* **Required action**: Restate each line of the listing exactly, without carrying over any pictures.

* **Data below**:
* * * * * * * * *
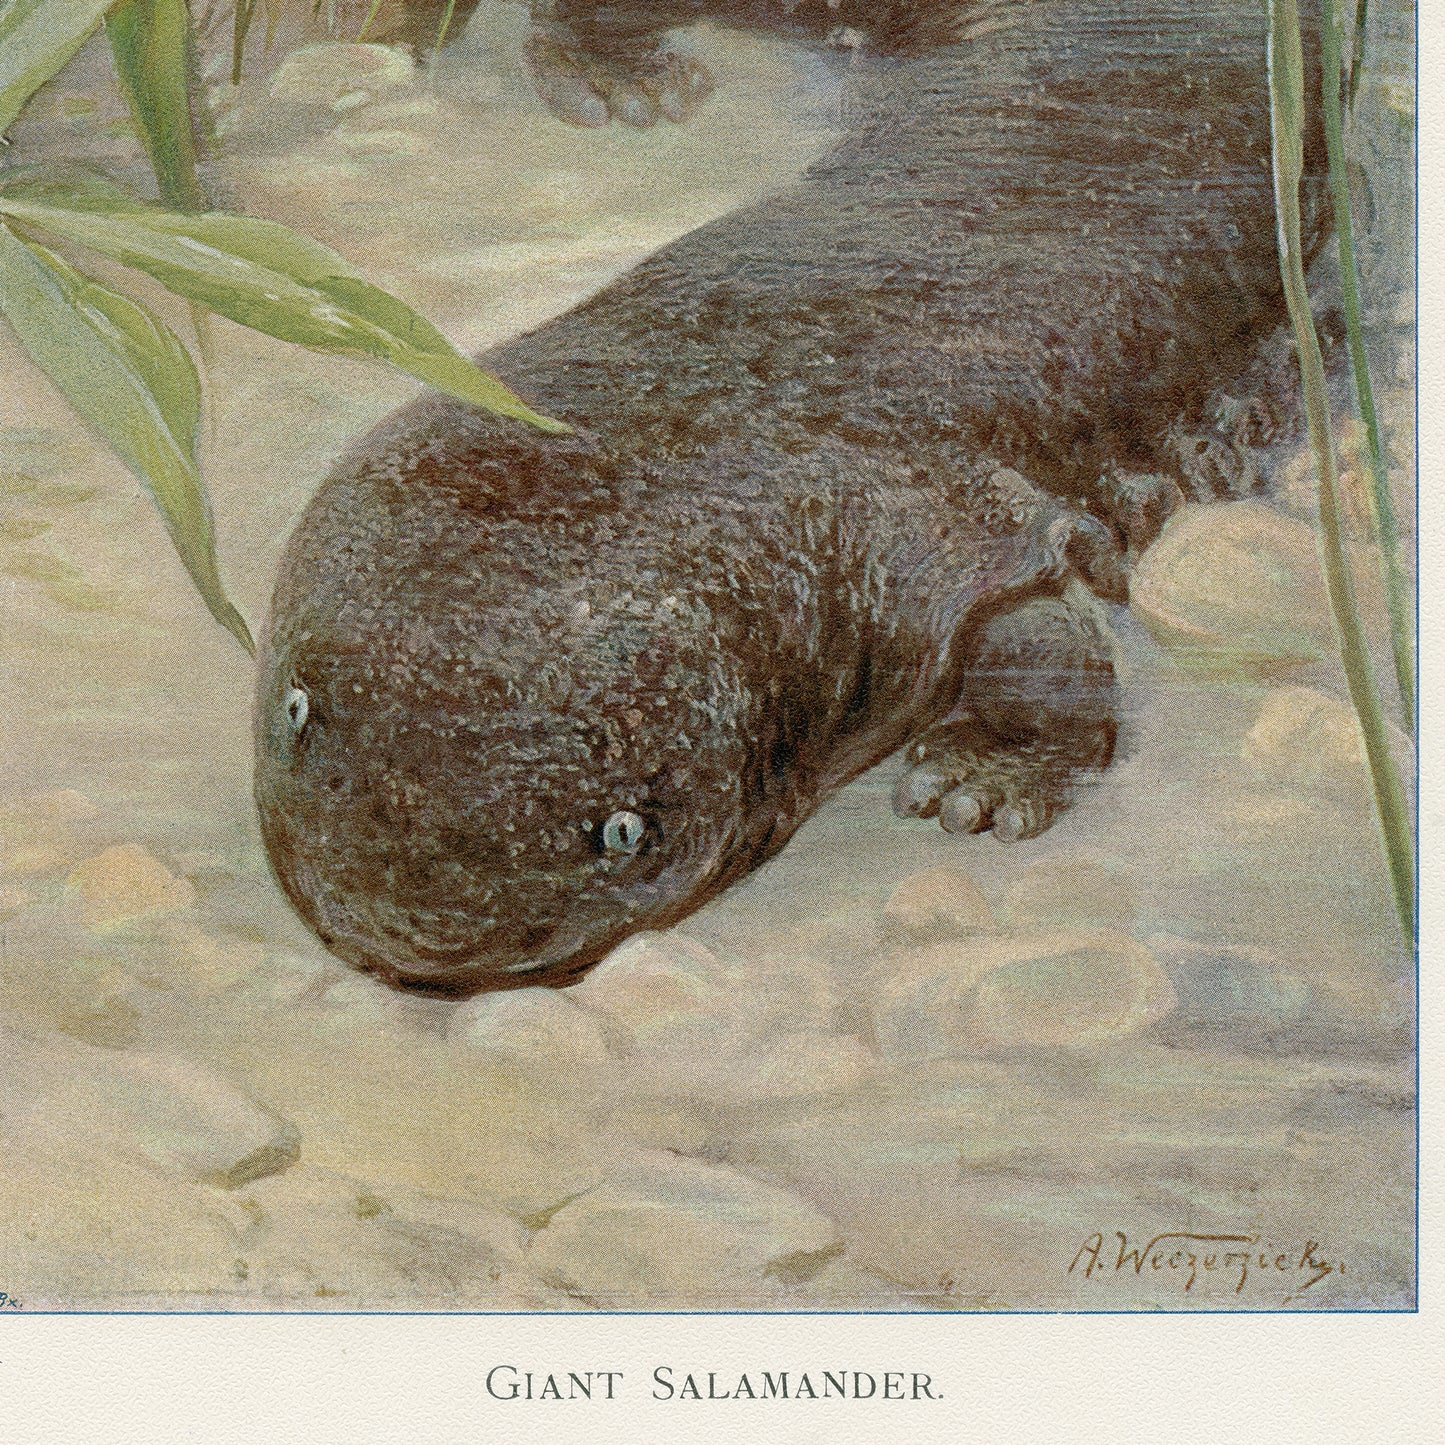 1916 Giant Salamander Print by A. Weczerzick
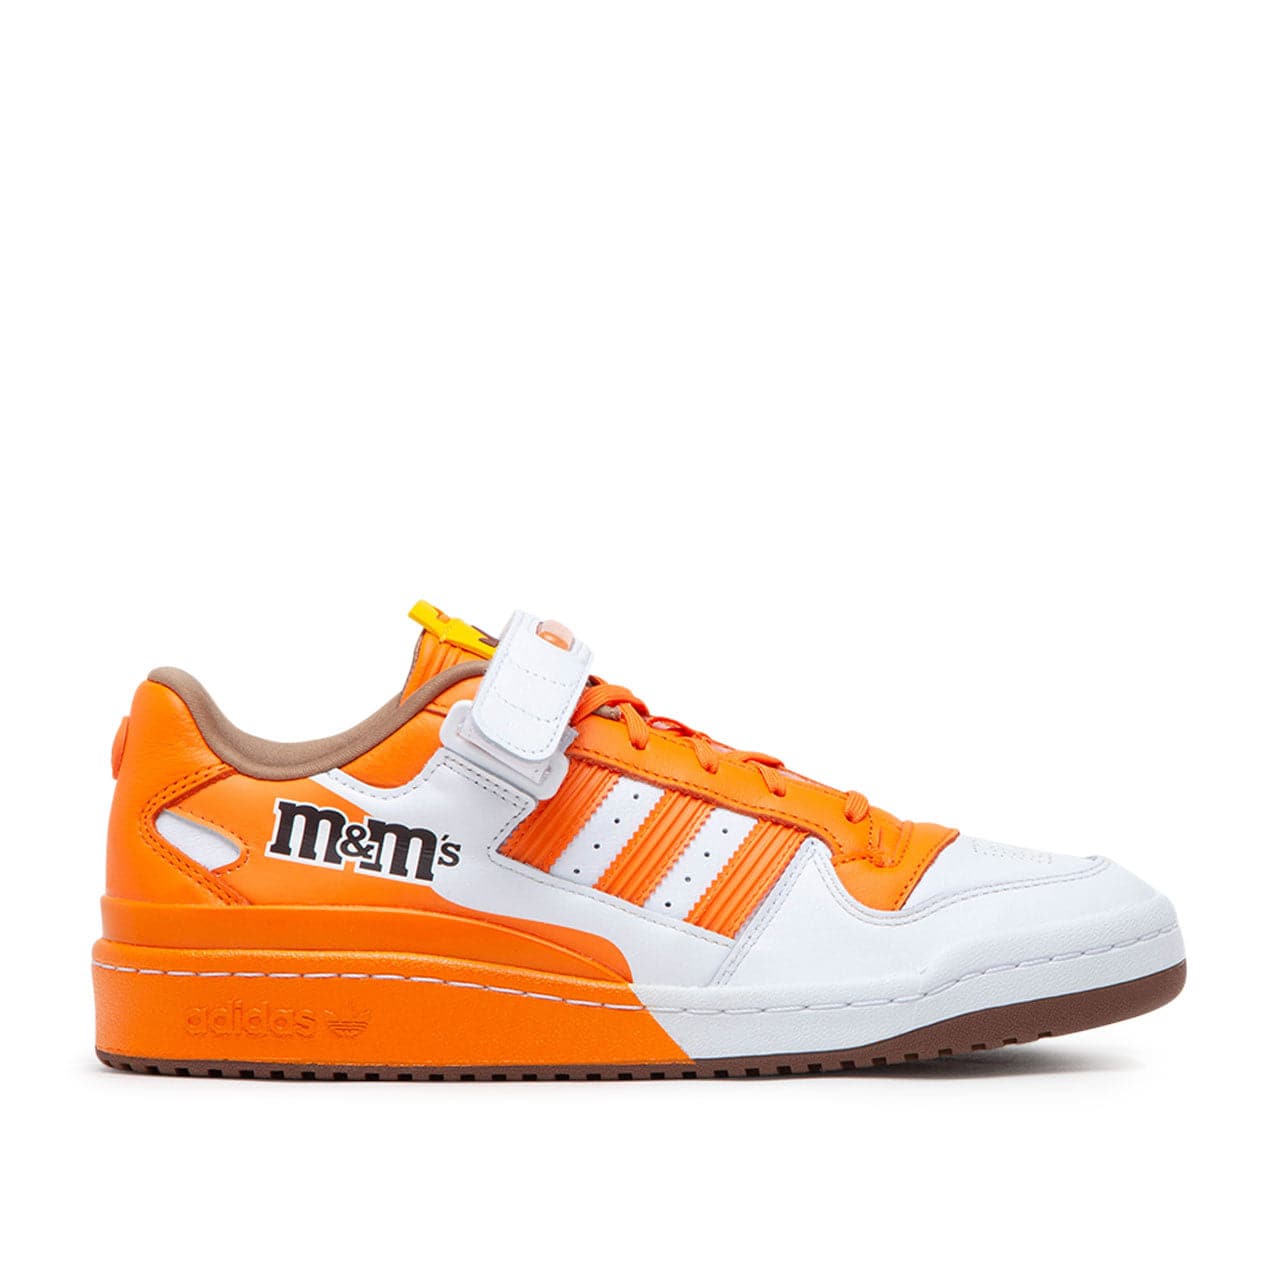 adidas x M&M's Forum Low 84 (Orange / Weiß)  - Allike Store
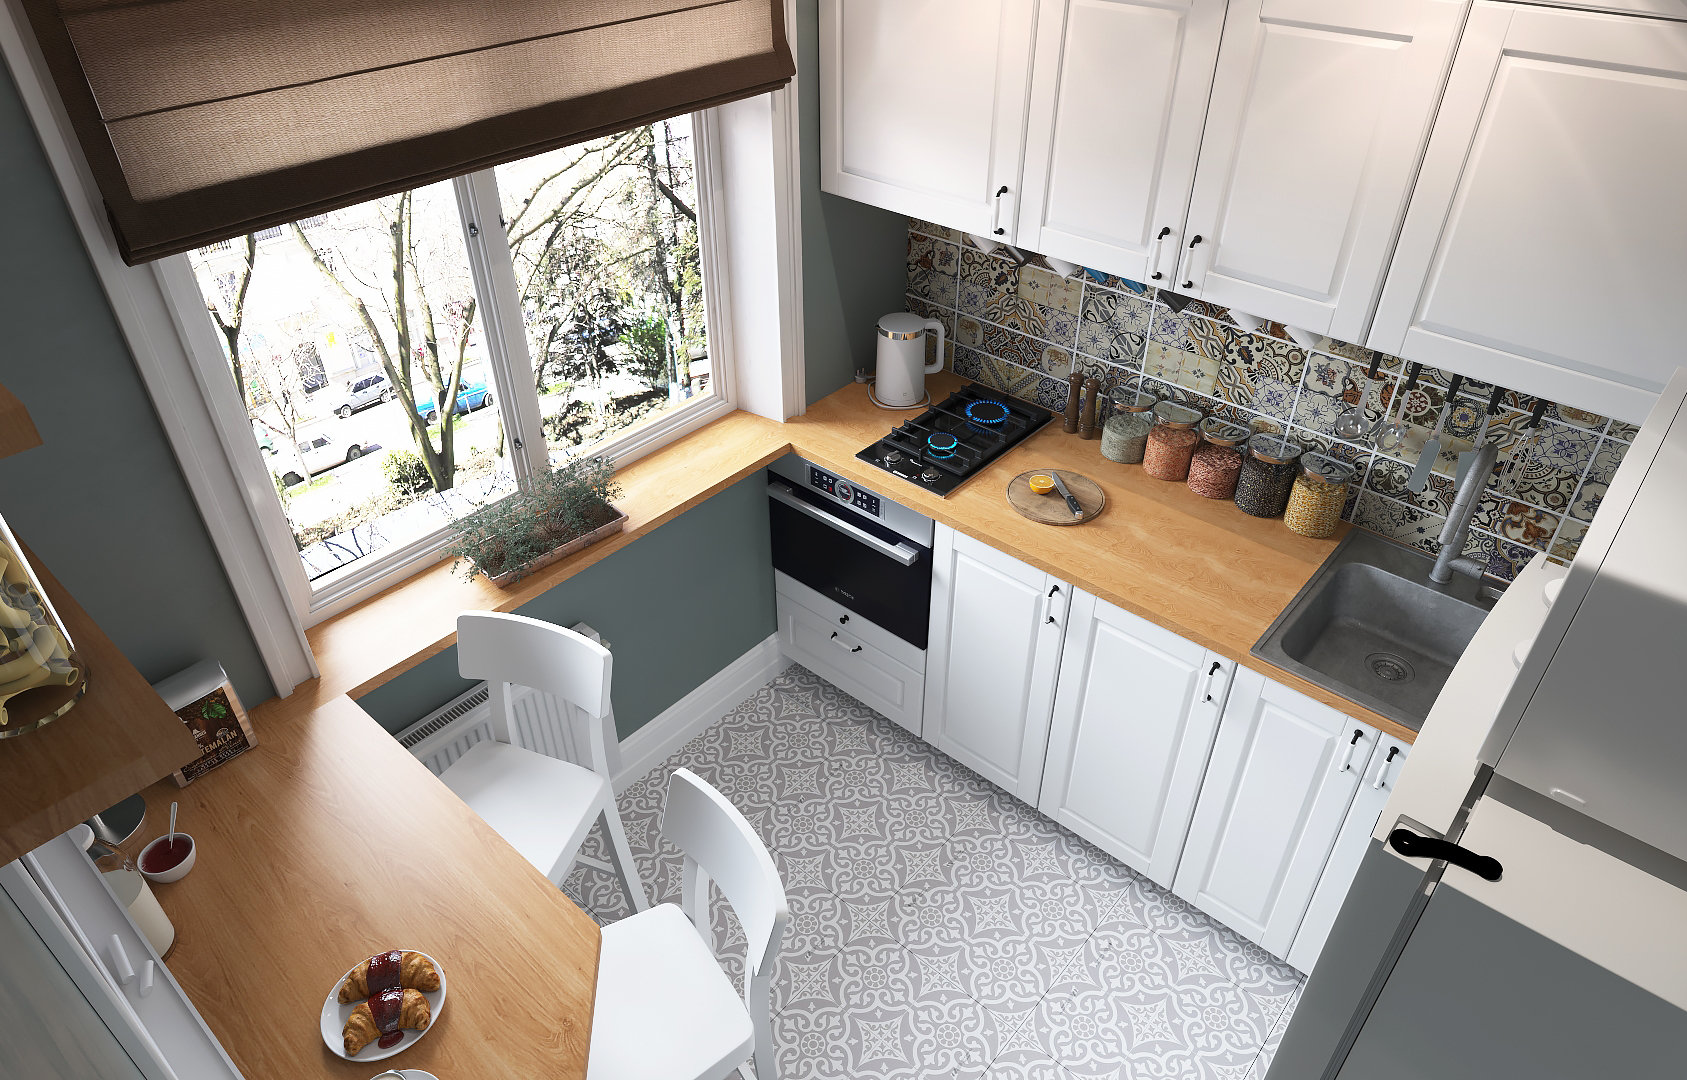 Интерьер кухни в доме: этаж и тип помещения
* * * * * * * * *
* **Response to this exercise**:
 1916 Giant Salamander Print by A. Weczerzick
 adidas x M&M's Forum Low 84 (Orange / Weiß)  - Allike Store
 Интерьер кухни в доме: этаж и тип помещения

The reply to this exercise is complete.